Cavalry Soldiers honor fallen comrades
July 3, 2011
CONTINGENCY OPERATING SITE COBRA, Iraq " The sound of taps echoed through the dining facility at Contingency Operating Site Cobra, Iraq, as Soldiers of 2nd Advise and Assist Brigade, 1st Cavalry Division, reflected on memories of two fallen comrades, June 28.
Staff Sergeant Russell Proctor, 25, from Oroville, Calif., and Pfc. Dylan Johnson, 20, a native of Tulsa, Okla., both of Troop C, 4th Squadron, 9th Cavalry Regt., 2nd AAB, died from injuries sustained while conducting operations in support of Operation New Dawn in Diyala province, June 26.
Soldiers and friends grieved, shared memories, and celebrated the lives of Proctor and Johnson during the ceremony, said Chaplain (Capt.) Andy Jenks, 4th Sqdn., 9th Cav. Regt.
“This is the day we have been given to honor our fallen brothers,” said Jenks.
Lieutenant Colonel Paul Garcia, commander, 4th Sqdn., 9th Cav. Regt., asked Soldiers to honor Proctor and Johnson because of the impact they left on the squadron.
“His loss is deep, but his impact on the young troopers of this squadron for generations to come will be lasting,” Garcia said of Proctor.

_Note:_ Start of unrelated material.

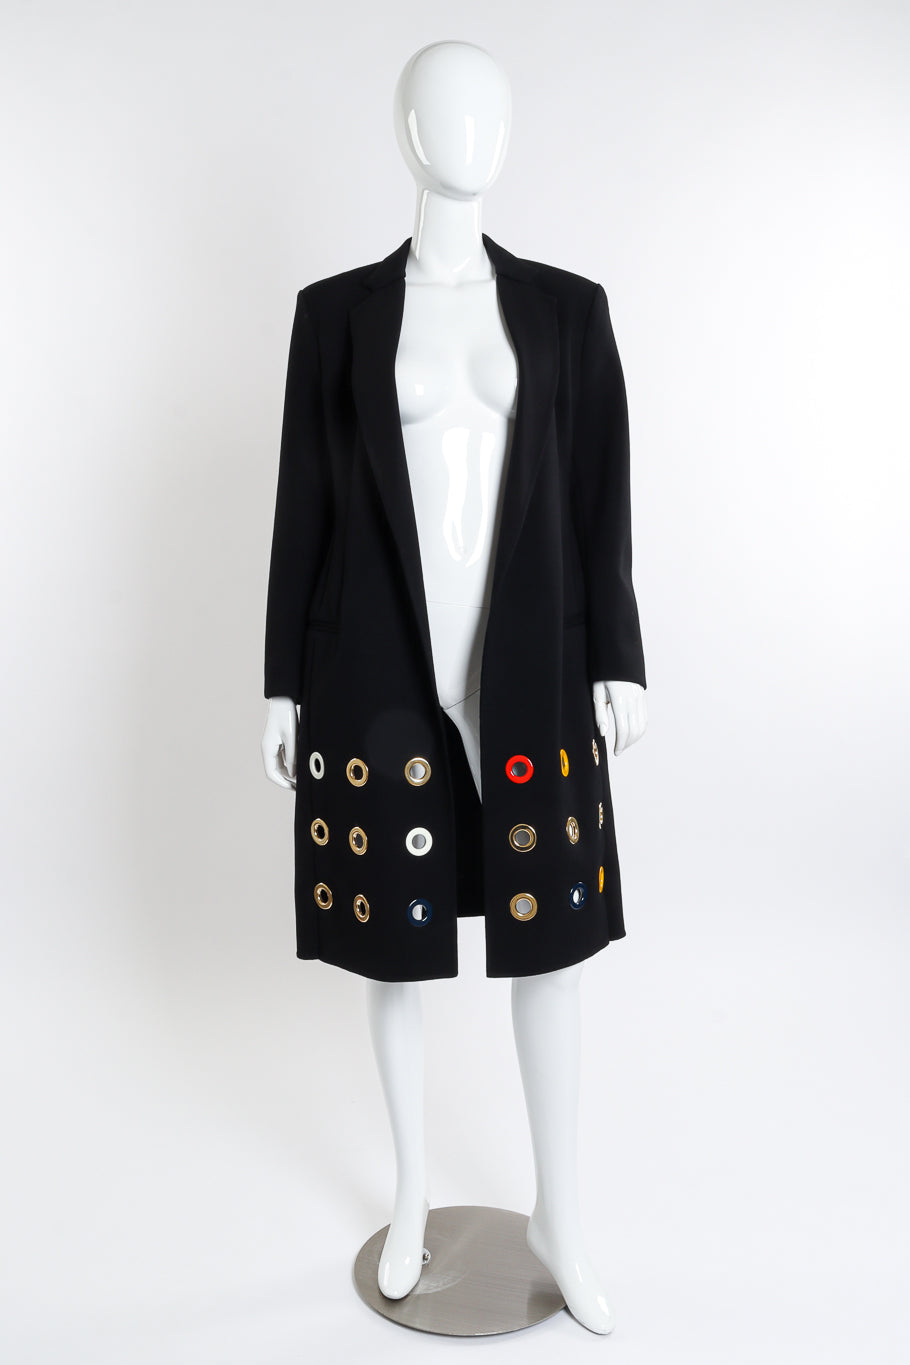 2014 S/S Eyelet Coat by Céline on mannequin @recessla
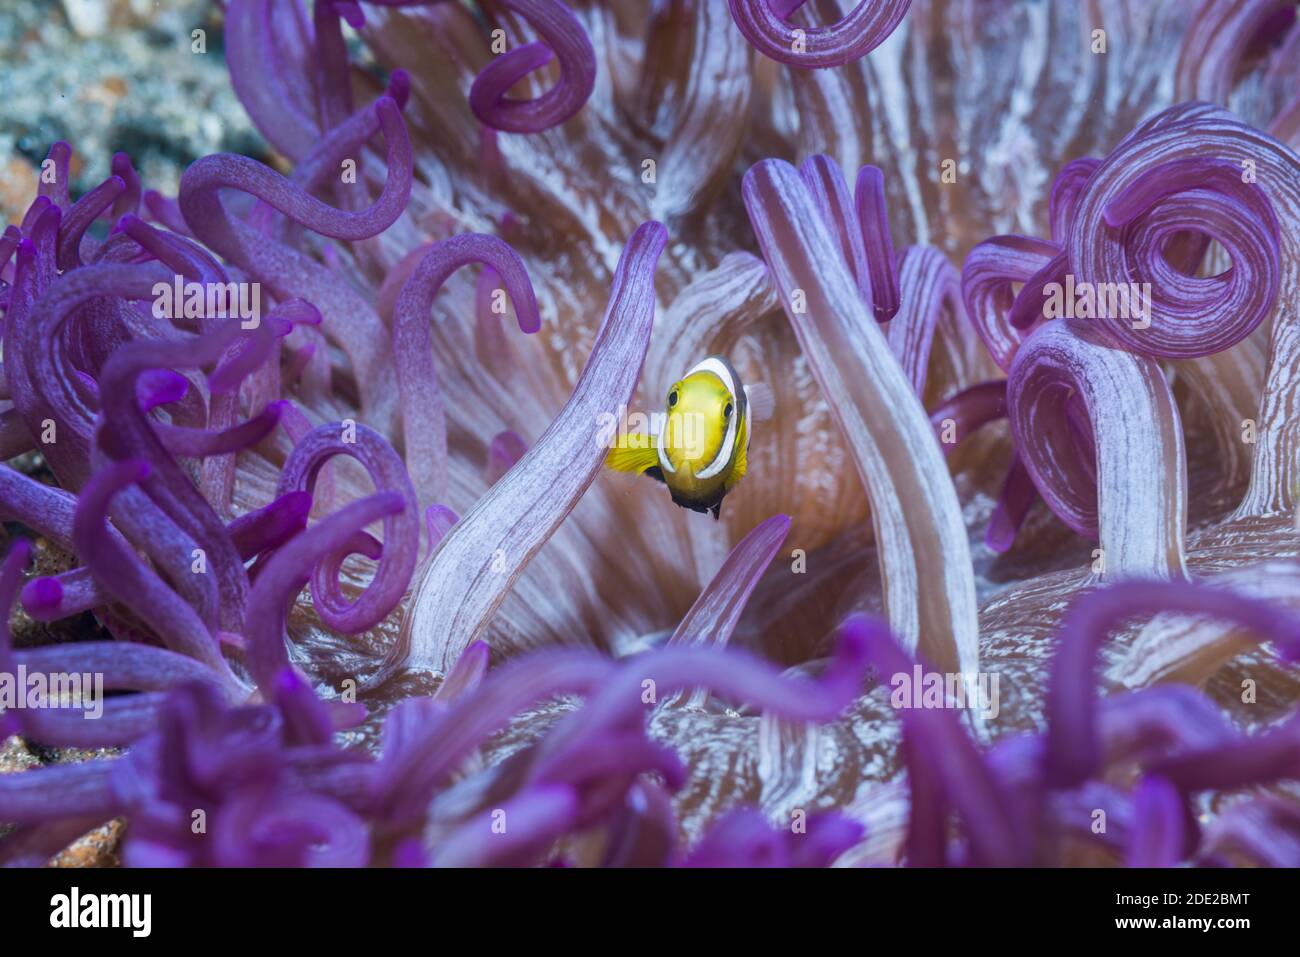 A juvenile Black saddleback anemonefish in a Corkscrew or Long Tentacle Anemone [Macrodactyla doreensis].  Lembeh Strait, North Sulawesi, Indonesia. Stock Photo

Garcia said Soldiers in Proctor’s platoon thought Proctor was tough when needed, but always professional and caring of his Soldiers.
“(Proctor) cared for his Soldiers 24 hours a day, seven days a week,” said Capt. Andrew Eagen, commander, Troop C.
Caring for his Soldiers was half of what made Proctor a great noncommissioned officer, he said.
“Staff Sgt. Proctor was the epitome of an NCO in my mind,” said Eagen. “He was an NCO that knew what right looked like and lived it each day.”
“Staff Sgt. Proctor set the example for every Soldier who knew him,” said 1st Lt. Christopher Boyer, a platoon leader with Troop C. “On the job, he had tactical insight that I still envy.”
In addition to Proctor’s leadership skills, friends also remembered his jovial spirit.
“Above all else, I’ll remember Staff Sgt. Proctor’s sense of humor,” said Boyer. “He could make you laugh. You wouldn’t believe his wit.”
“He would light up any room or situation with his wit and humor,” said Eagen.
Comrades remembered Johnson’s sense of humor as well.
“(Johnson’s) platoon would also say that he was somewhat of a goof … always cracking jokes and trying to keep it light,” said Garcia.
Johnson’s sense of humor was so unique, he even had a facial expression known to his fellow Soldiers as the “Johnson” face, said Pfc. Anthony Santiago, a Pollock Pines, Calif., native, and cavalry scout with Troop C.
Santiago said it was a facial expression that never failed to bring a smile to Soldiers’ faces.
Unit members said humor was part of Johnson’s life, and so was being a Soldier.
“Johnson was known as one of the hardest workers in White Platoon,” said Garcia.
“He was kind, always willing to lend a helping hand,” said Eagen.
Johnson’s kindness and hard work brought a sense of unity within the platoon, said Egan.
“He instantly became a sort of glue amongst the Soldiers in White Platoon,” he said.
“He impacted my life in a way that no one ever has,” said Santiago about Johnson. “I loved him as if he is my own blood.”
Both Proctor and Johnson left great footprints within their unit, said Eagen, and they will be remembered as Soldiers and individuals.
“As we memorialize them today, each will be missed in a different way because of their different experiences, but both will be remembered for their impacts as men,” said Eagen.
Jenks reminded everyone to rejoice in the privilege of knowing them both.
“We rejoice not in the loss we feel, but in the friendship we had with these men,” said Jenks. “While we rejoice, we also grieve. We grieve for our loss.”
Jenks said grief is a demonstration of love, and Proctor and Johnson’s love for their fellow Soldiers builds hope.
“They served their nation and their Families to bring hope " a hope for freedom and a hope for tomorrow,” Jenks said.